◆ Problem details ◆
Set the data down exactly as it stands, and keep its pictures out.

◆ Material provided ◆

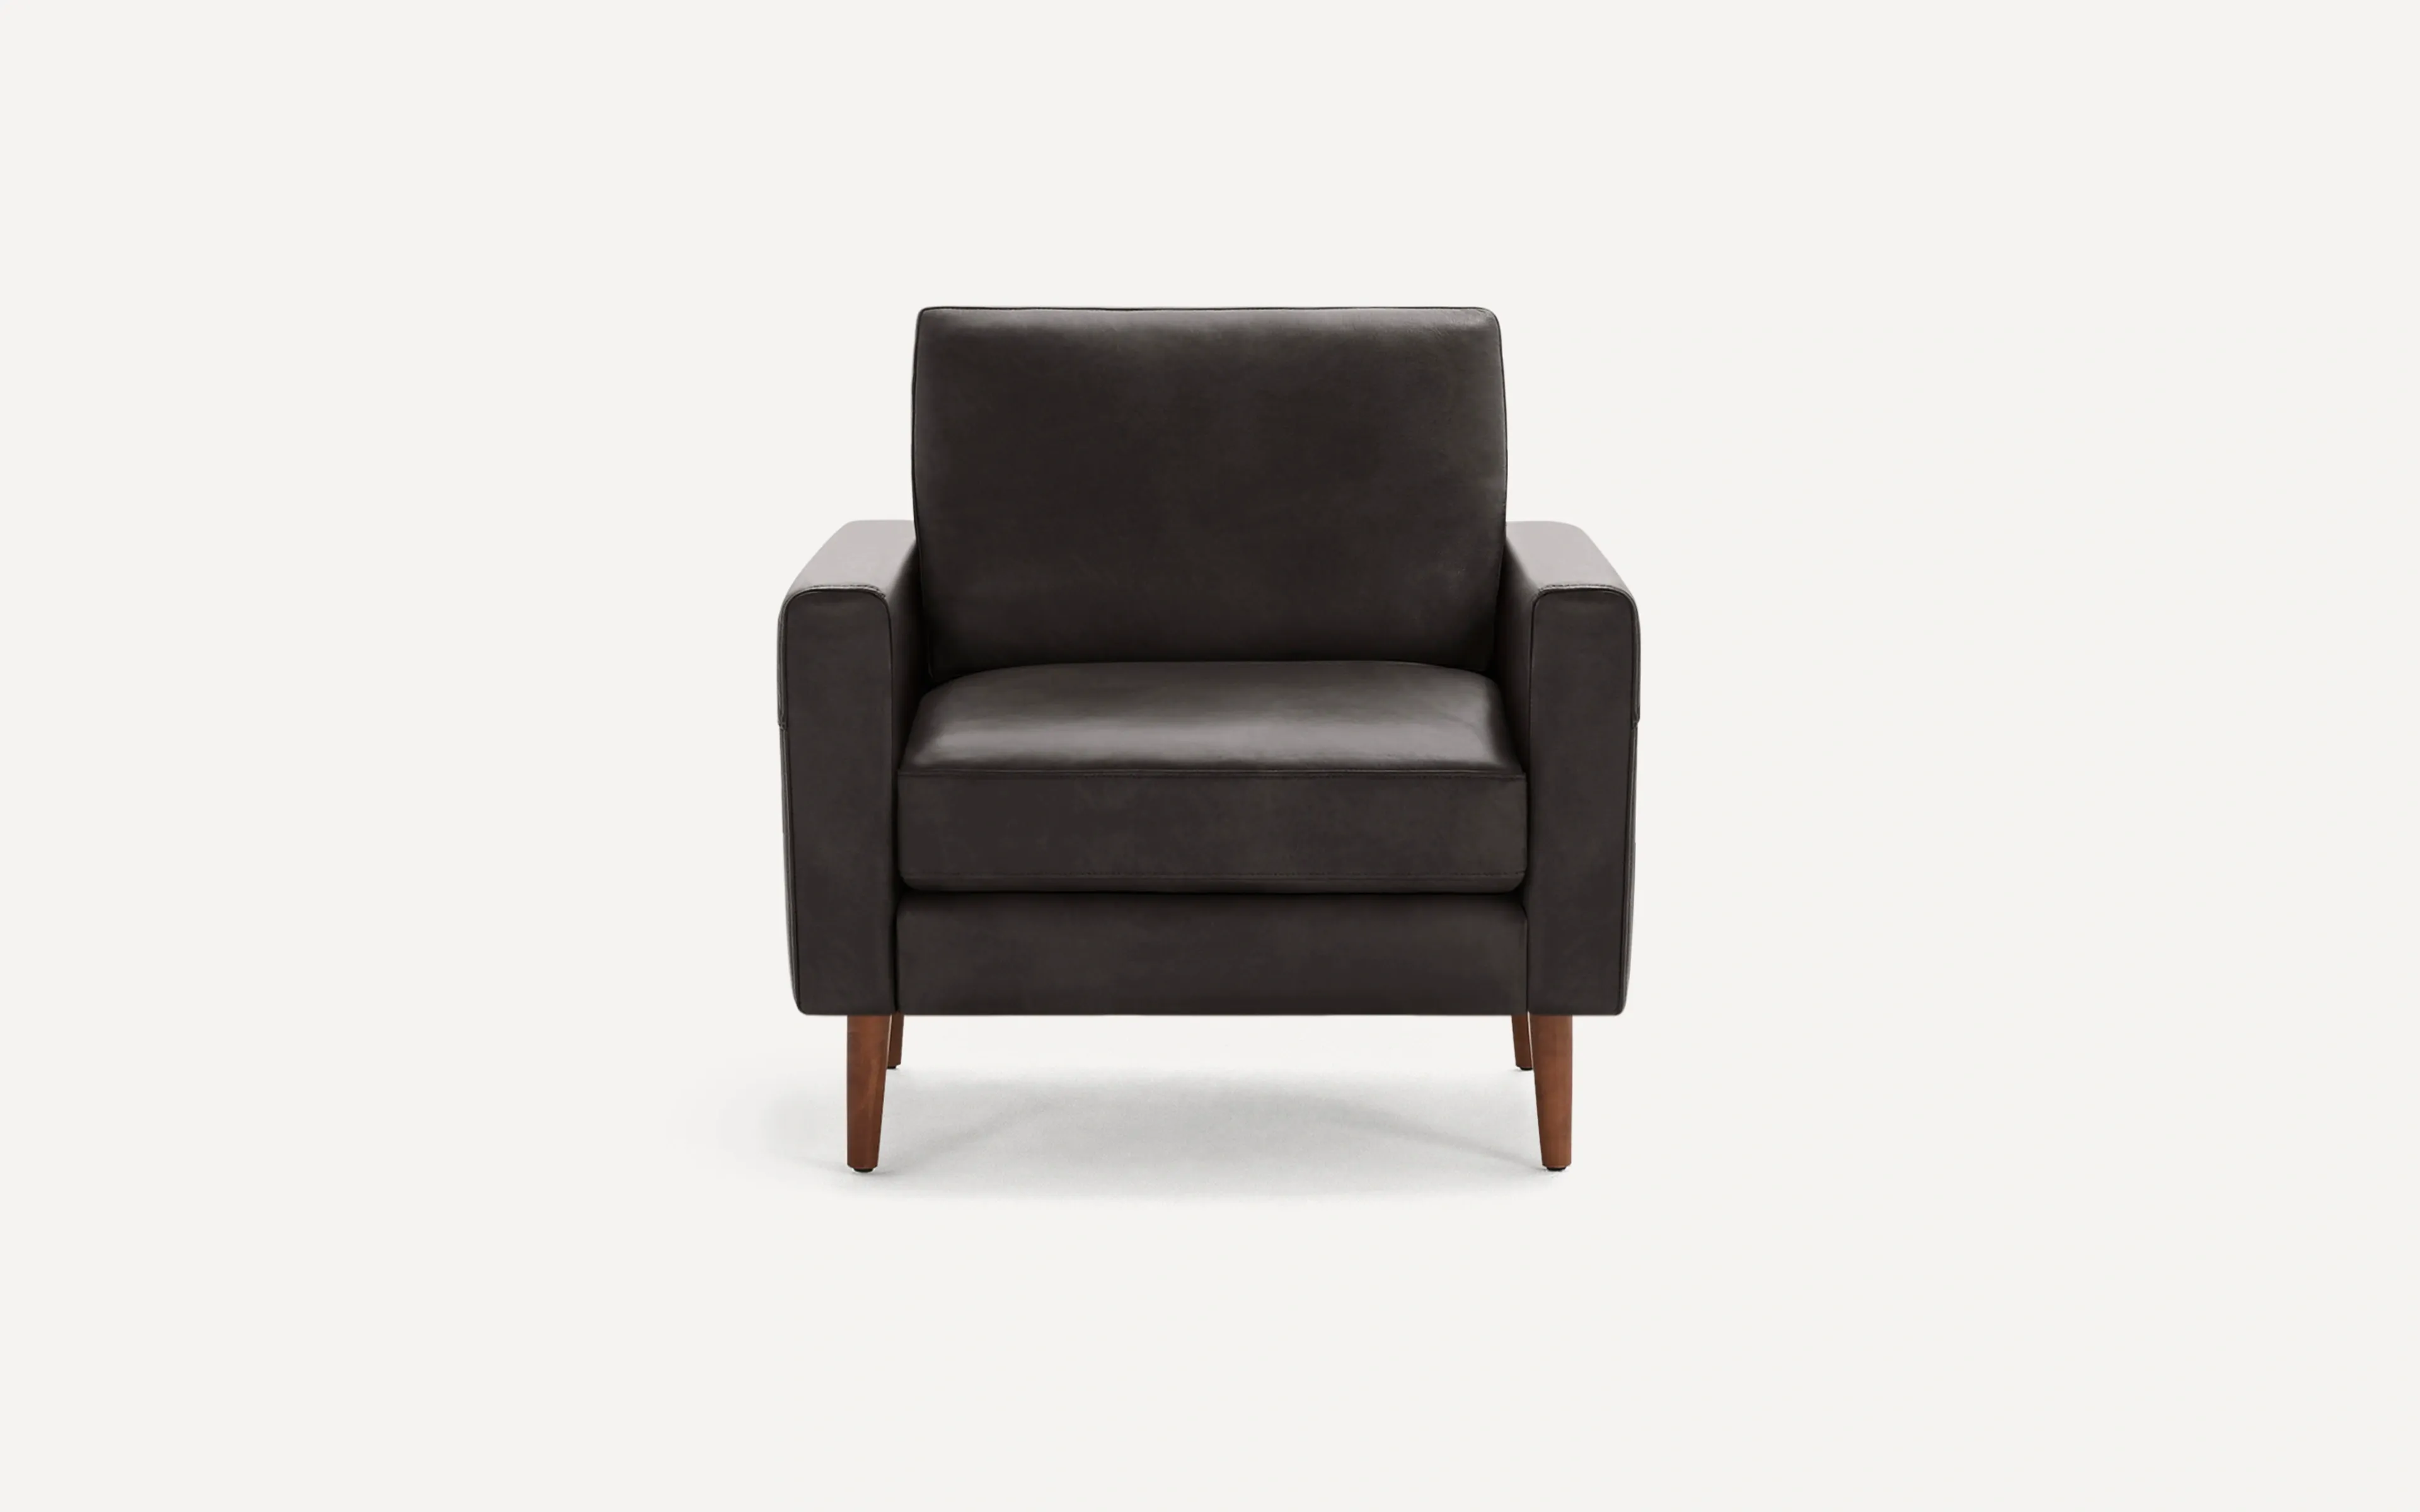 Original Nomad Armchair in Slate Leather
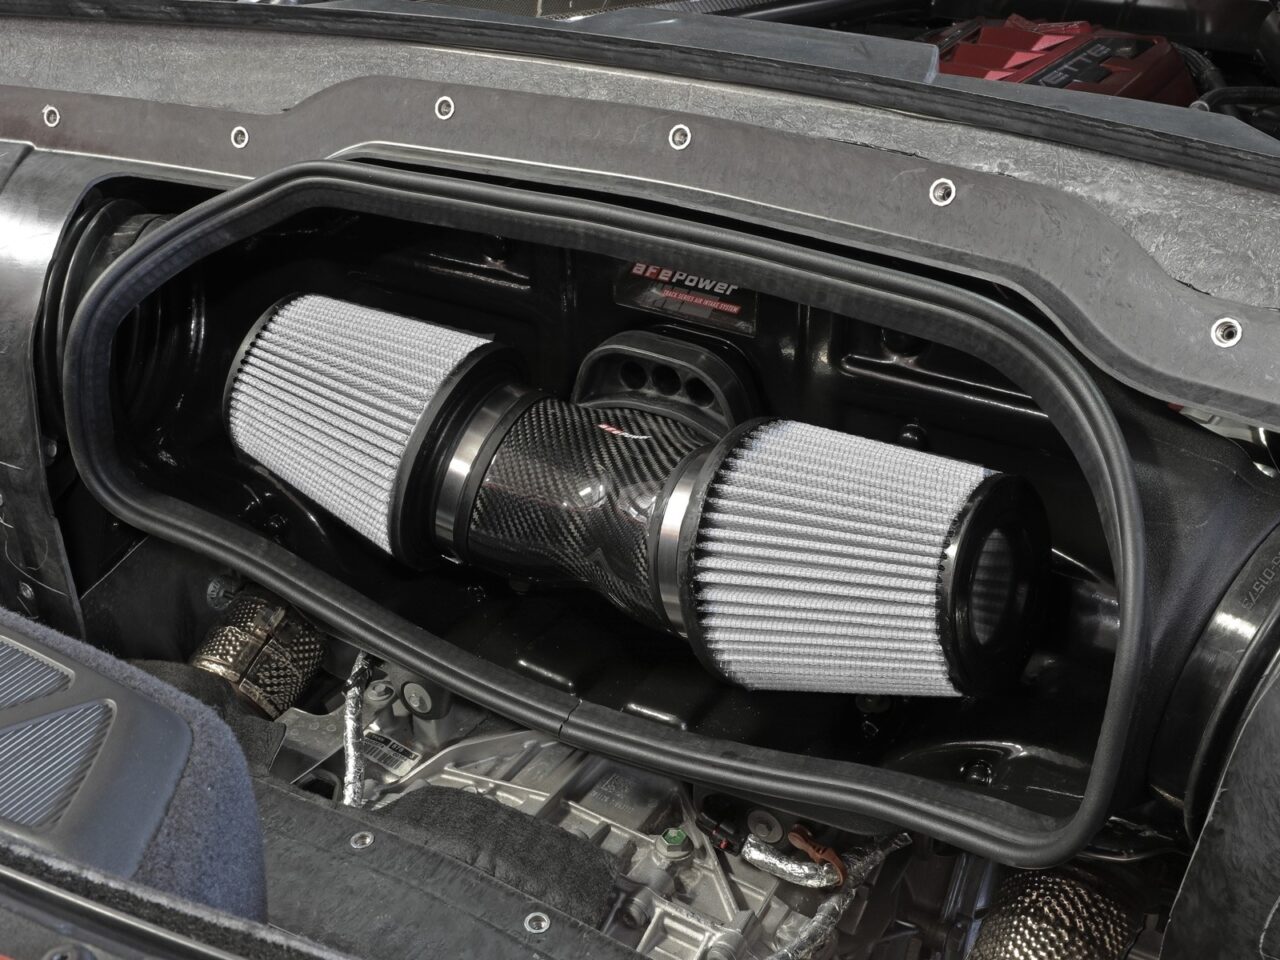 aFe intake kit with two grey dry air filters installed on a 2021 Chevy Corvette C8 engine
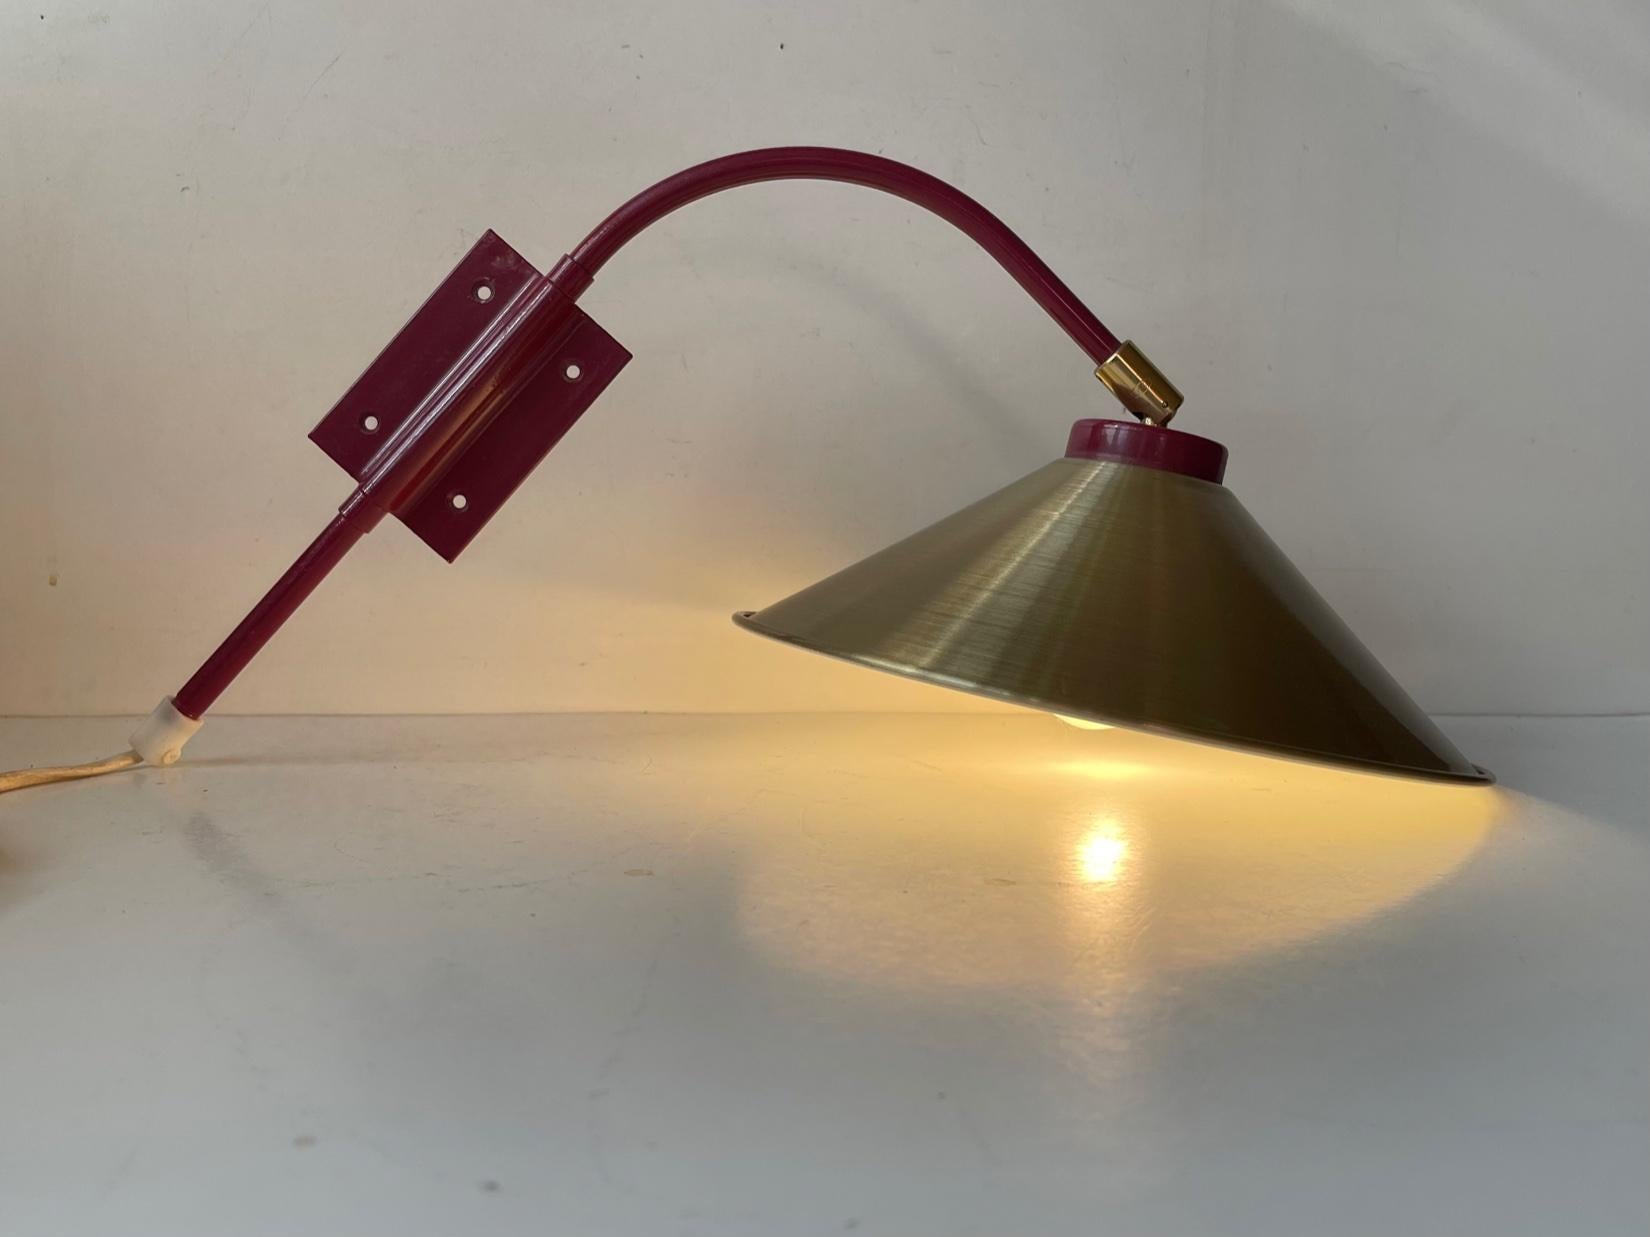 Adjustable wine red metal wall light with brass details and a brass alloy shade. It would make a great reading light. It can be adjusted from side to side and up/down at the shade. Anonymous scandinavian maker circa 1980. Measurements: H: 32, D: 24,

◆ Result for this task ◆
 Original Nomad Armchair in Slate Leather
 aFe intake kit with two grey dry air filters installed on a 2021 Chevy Corvette C8 engine
 Adjustable wine red metal wall light with brass details and a brass alloy shade. It would make a great reading light. It can be adjusted from side to side and up/down at the shade. Anonymous scandinavian maker circa 1980. Measurements: H: 32, D: 24,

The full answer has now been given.